# [Data provided]
- - -

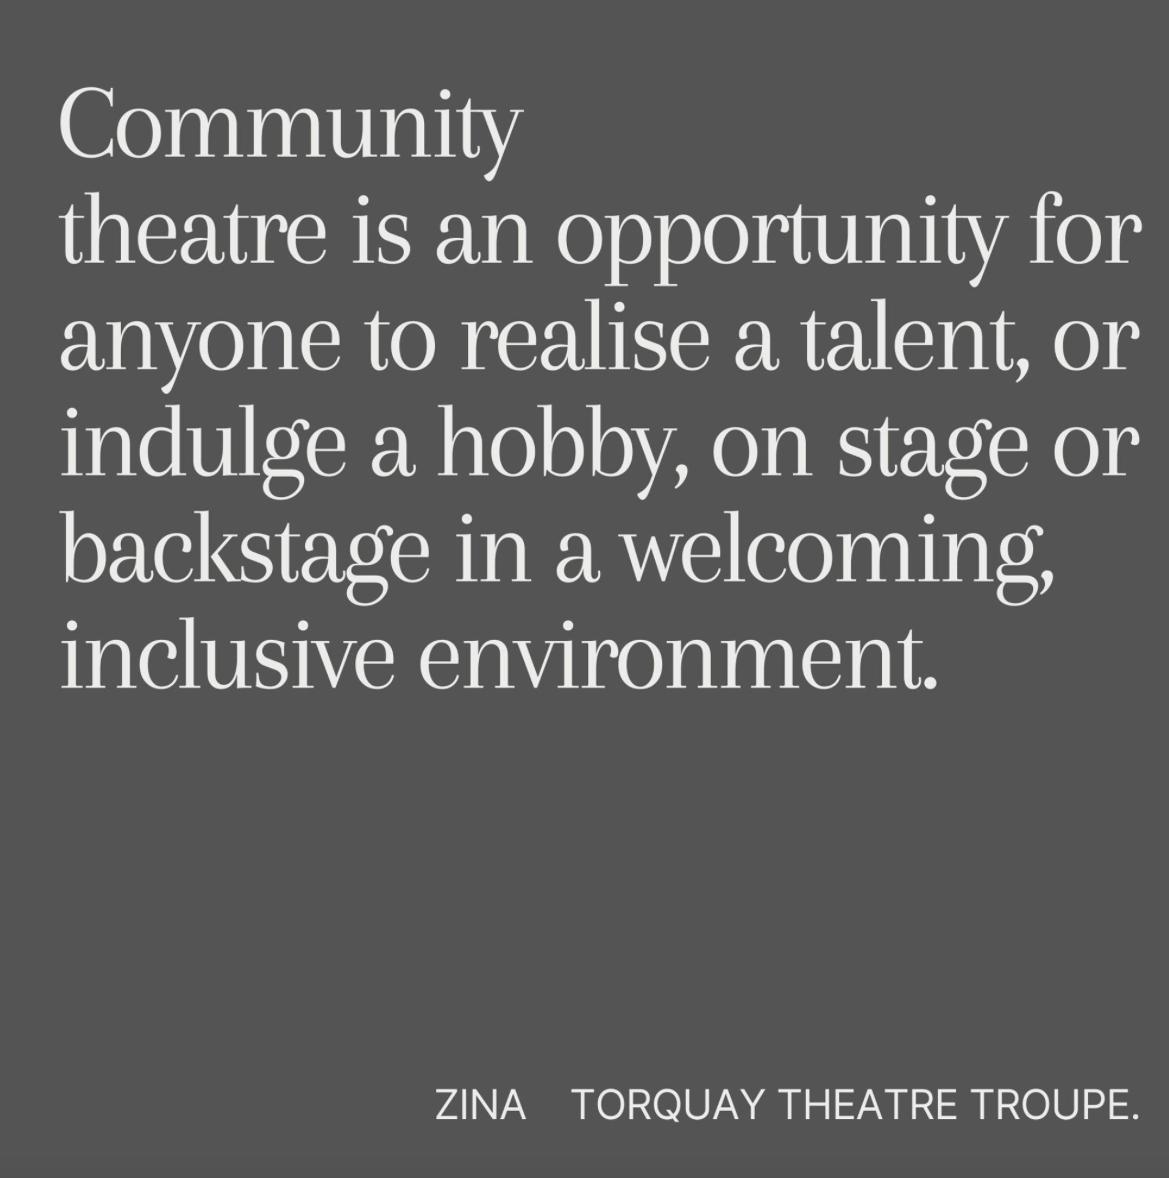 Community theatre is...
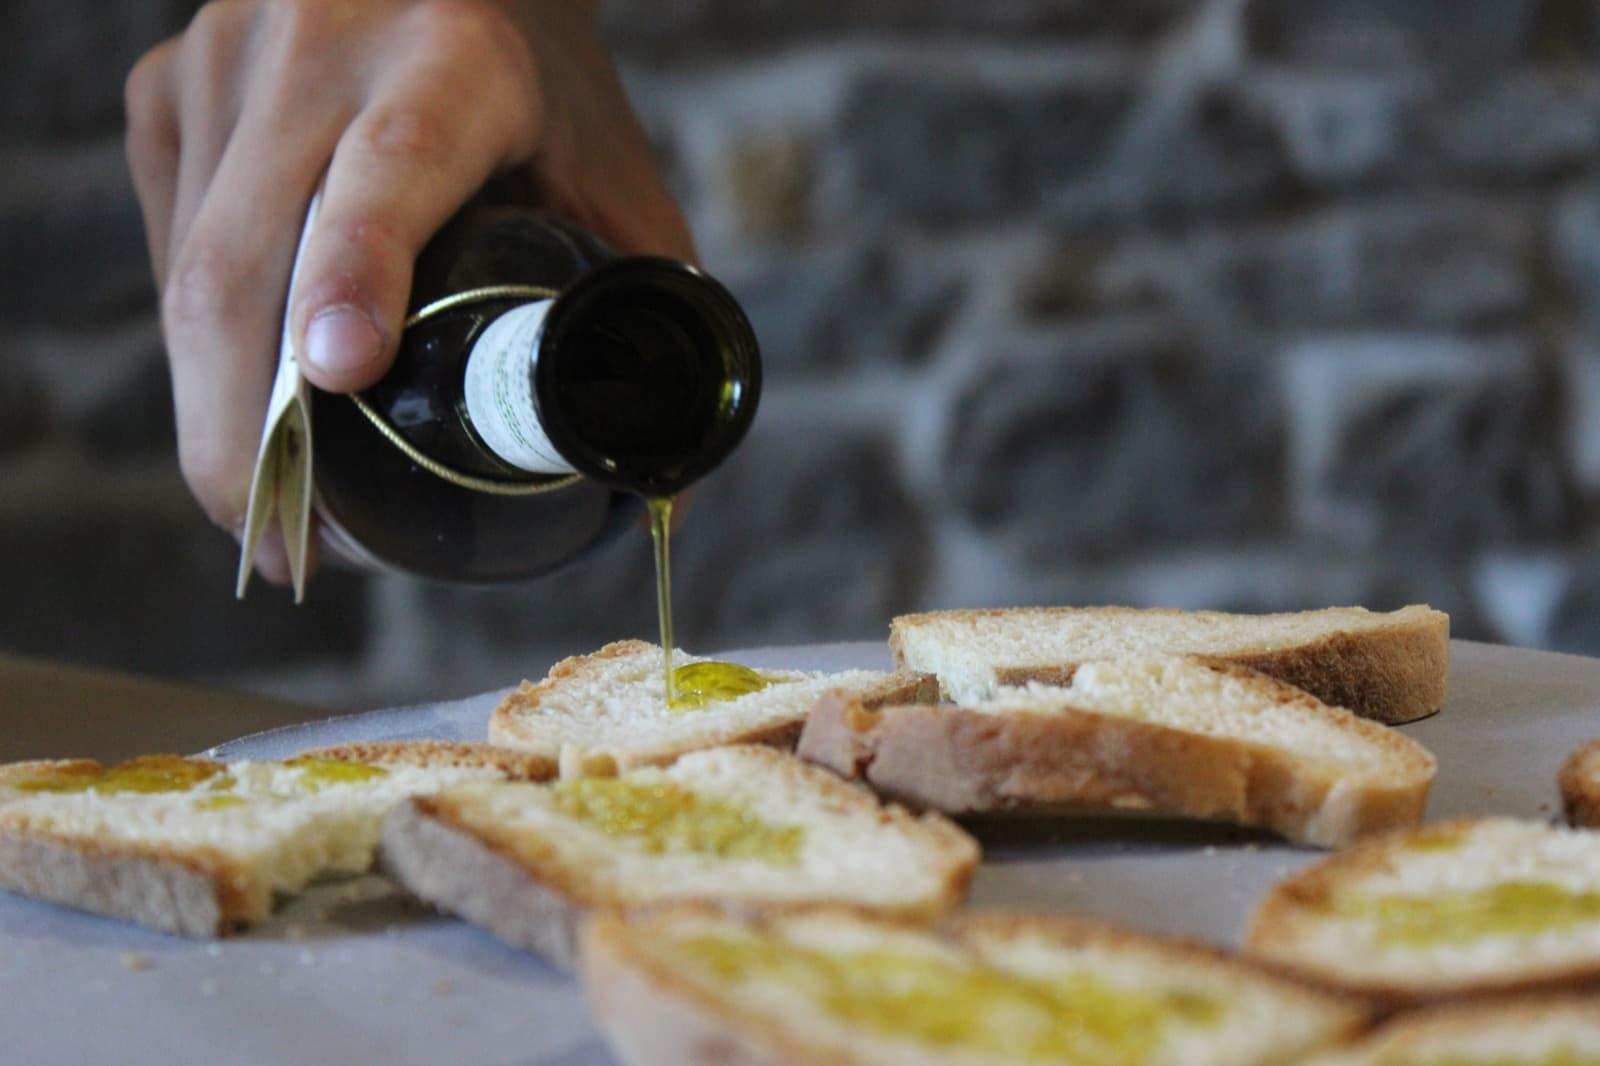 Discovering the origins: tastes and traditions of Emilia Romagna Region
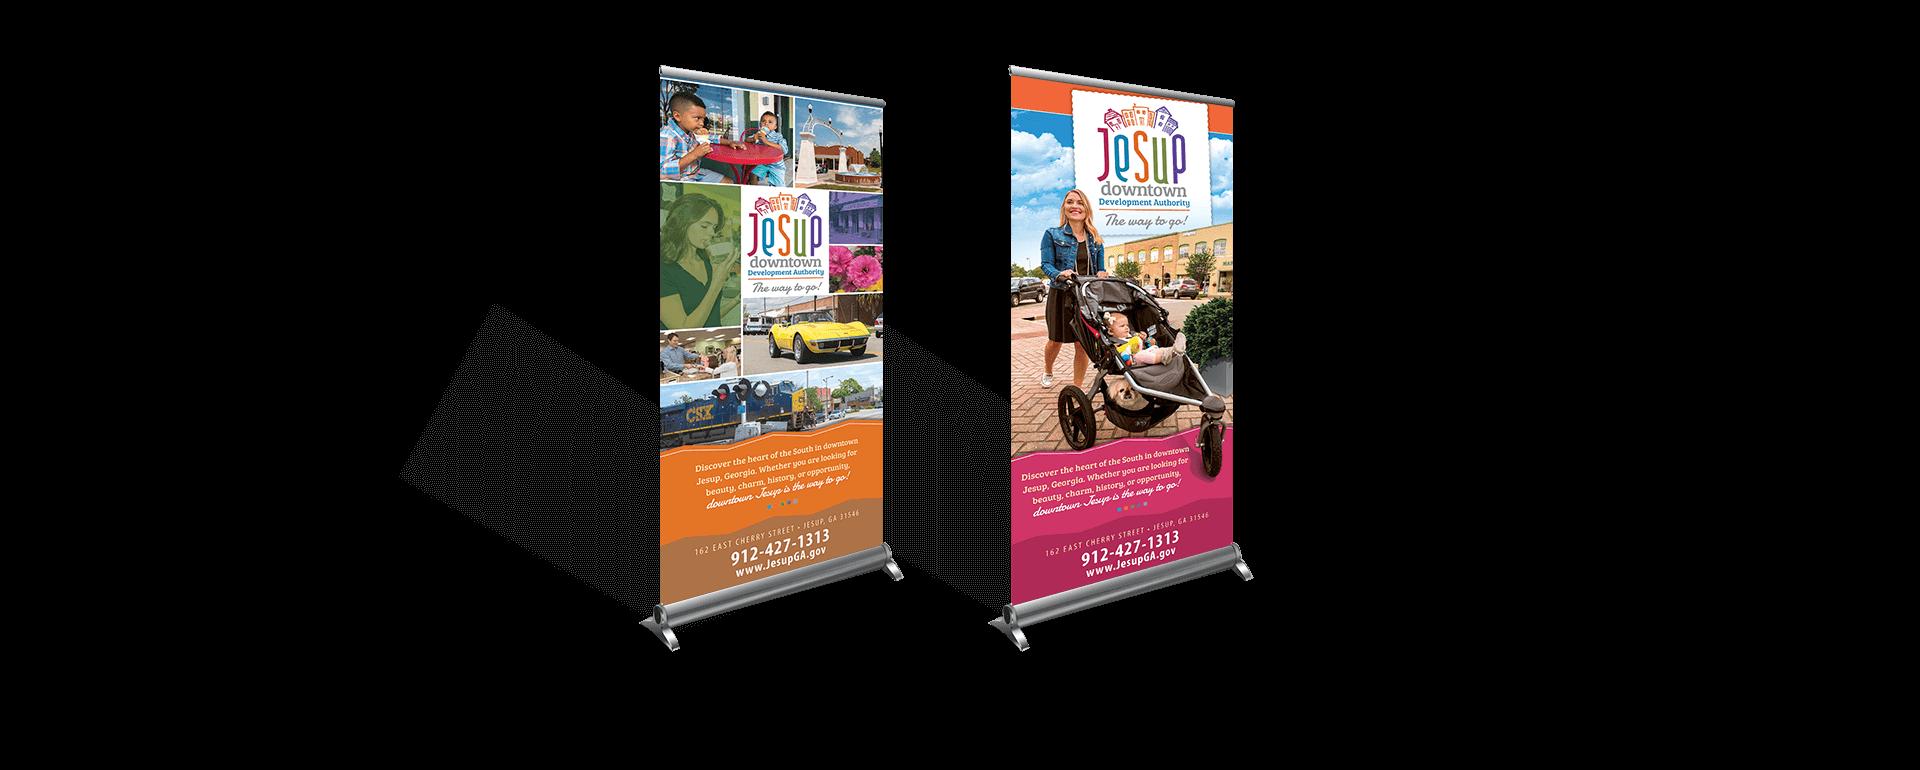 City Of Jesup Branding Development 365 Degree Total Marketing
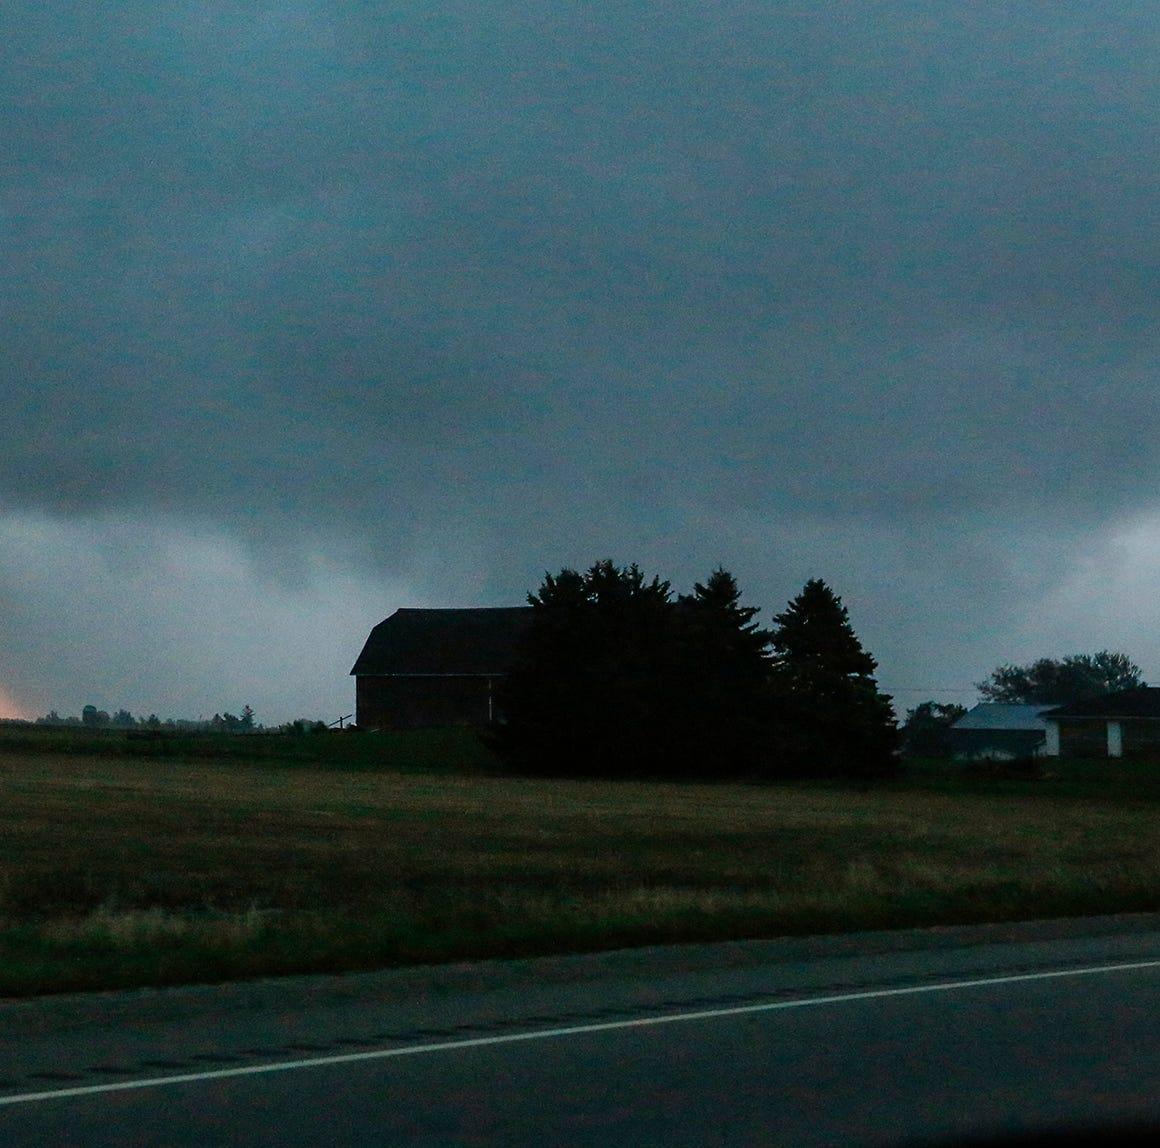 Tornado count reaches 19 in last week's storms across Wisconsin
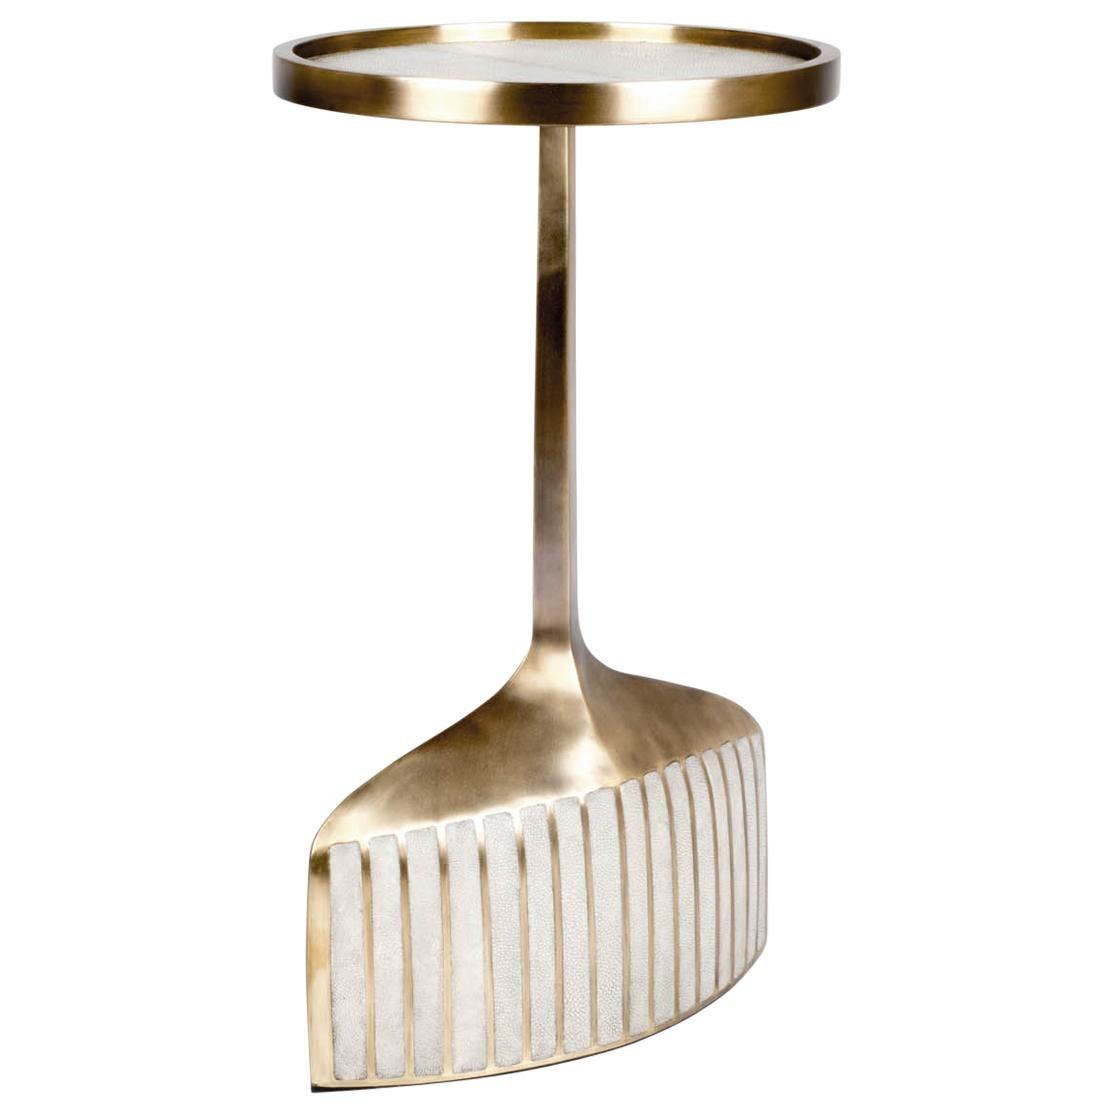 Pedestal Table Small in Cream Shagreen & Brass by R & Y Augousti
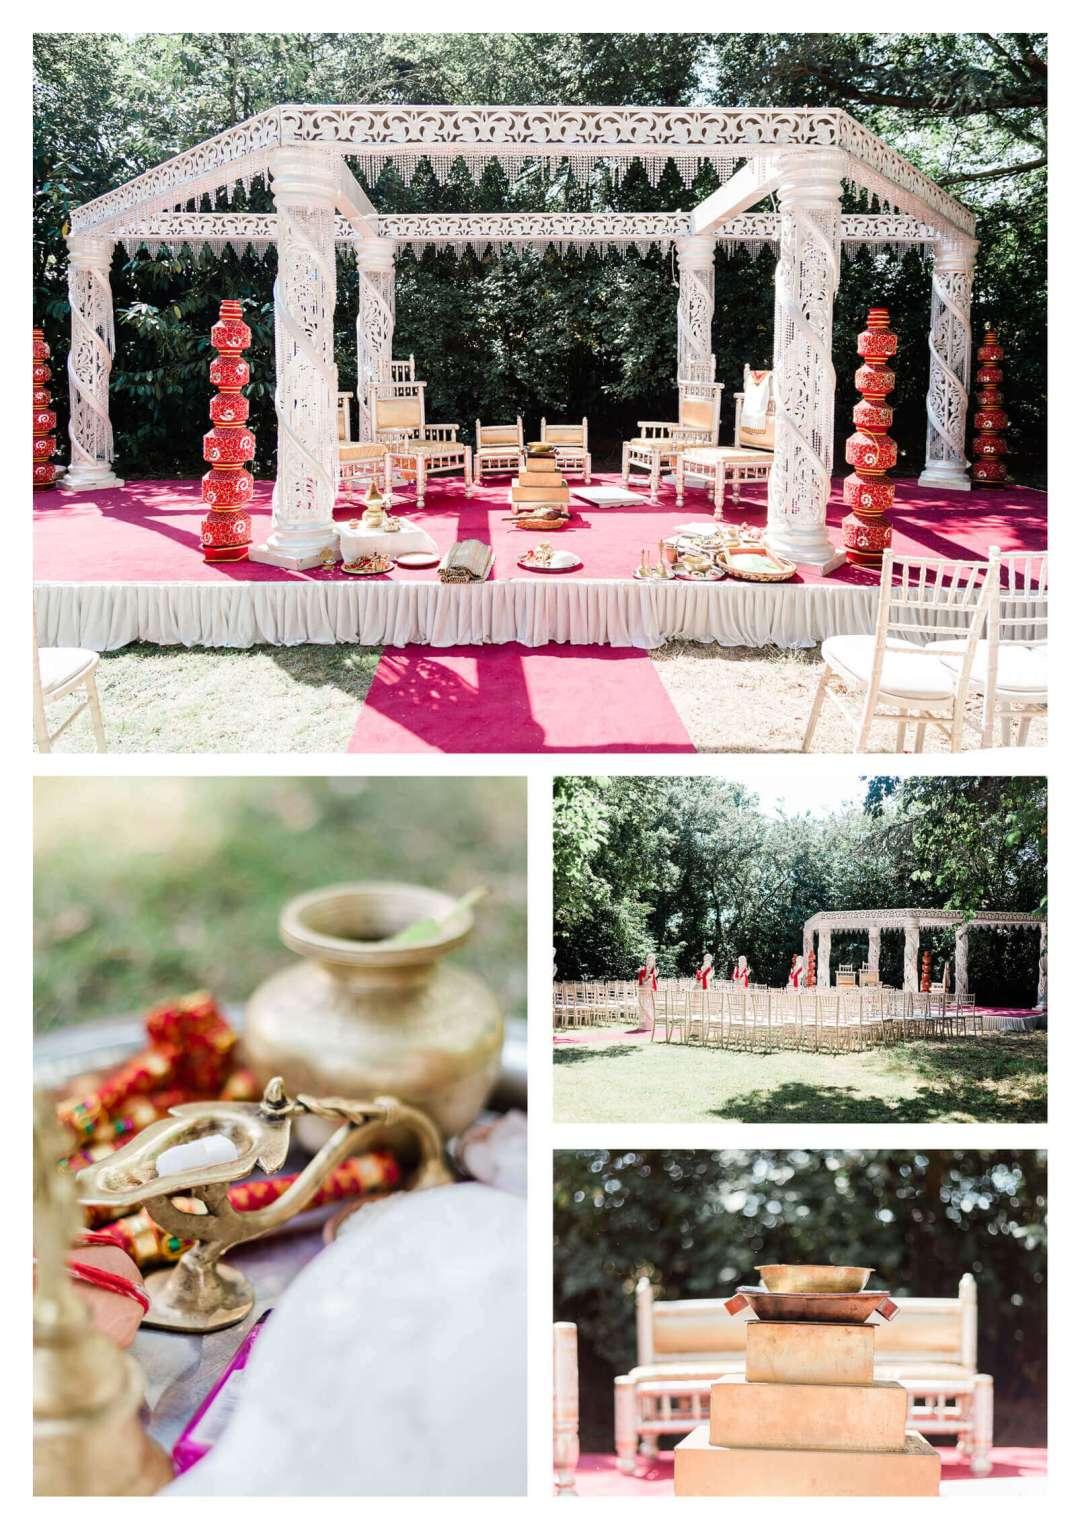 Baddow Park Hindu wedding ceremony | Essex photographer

- - -

# [Task prompt]
Begin with the line holding "City Of Jesup" and end with the last line of the listing. Reproduce each of those lines exactly, and leave every picture out.

# [Solution]
 City Of Jesup Branding Development 365 Degree Total Marketing
 Tornado count reaches 19 in last week's storms across Wisconsin
 Pedestal Table Small in Cream Shagreen & Brass by R & Y Augousti
 Baddow Park Hindu wedding ceremony | Essex photographer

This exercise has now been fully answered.